One might concluded that the fix for reducing the cost of education is to award money for further education based on three levels of classification for NAEP scores.
BASIC or less on NAEP = these students will be a drain on society, invest less in the education of these students, or send their share to students who scores PROFICIENT.
Take some money from the “merely proficient” to enrich education for the students whose NAEP scores are classified at the level of ADVANCED.
Unfortunately this thinking has become more common even without the ROI exercise in this report and others. The cost of education does matter, but if it only matters on the basis of future earnings that is not just pathetic, it is dangerous.
Even the Robinhood Foundation calculates the ROI on preschool using more sophisticated measures…and I am no fan of financing preschool based on those financial calculations.
Marguerita Rosa, a scholar then working at the Gates-funded CRPE, circulated the results of a “study” of per-pupil costs for high school education in three districts. Among the conclusions, the most costly courses were foreign language, AP courses, and music.

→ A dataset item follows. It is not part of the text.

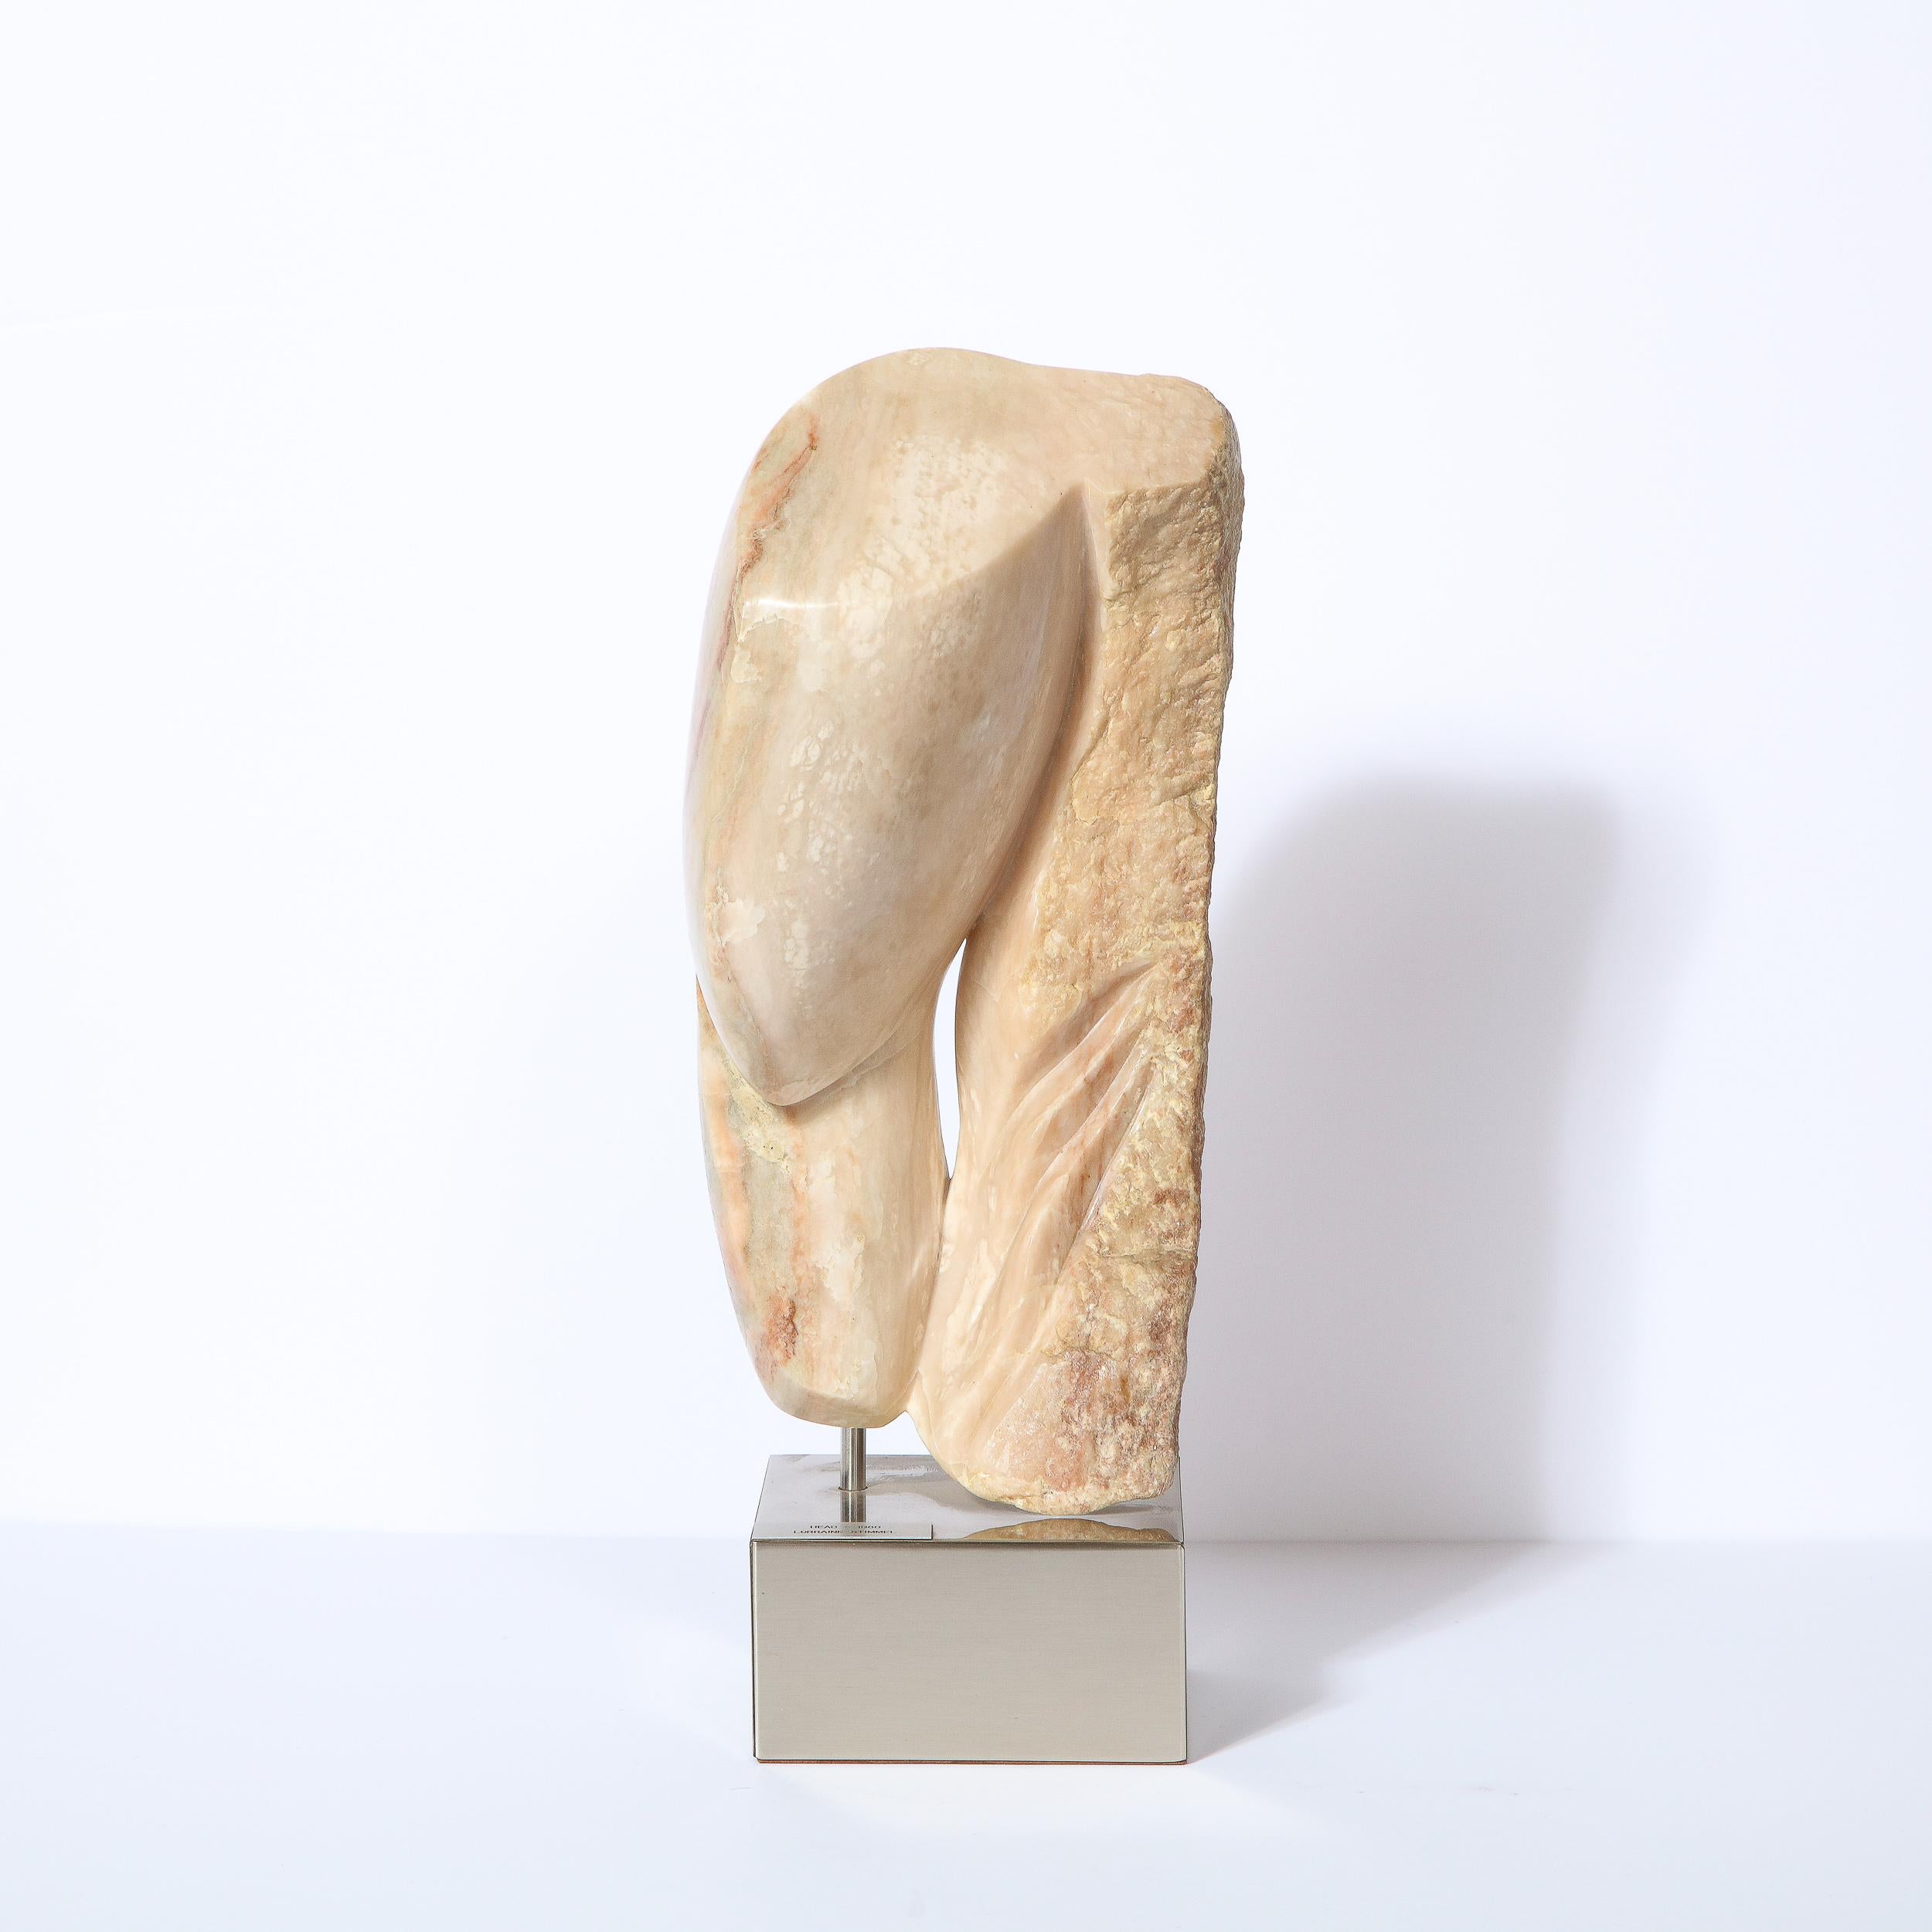 This refined modernist sculpture, entitled

Rosa’s policy recommendations can be seen in the following article. The article refers to a study which cannot be judged credible because there is no clear attribution of who the author is or whether the study was peer reviewed. http://educationnext.org/breaking-down-school-budgets-2/
The basic idea of “unbundling” the costs of schooling (whether by type of school, or student, or course or on a per-pupil basis) is not different from the principle of unbundling costs in the world of business, notably on airlines and with internet services where money is everything and profit is always best.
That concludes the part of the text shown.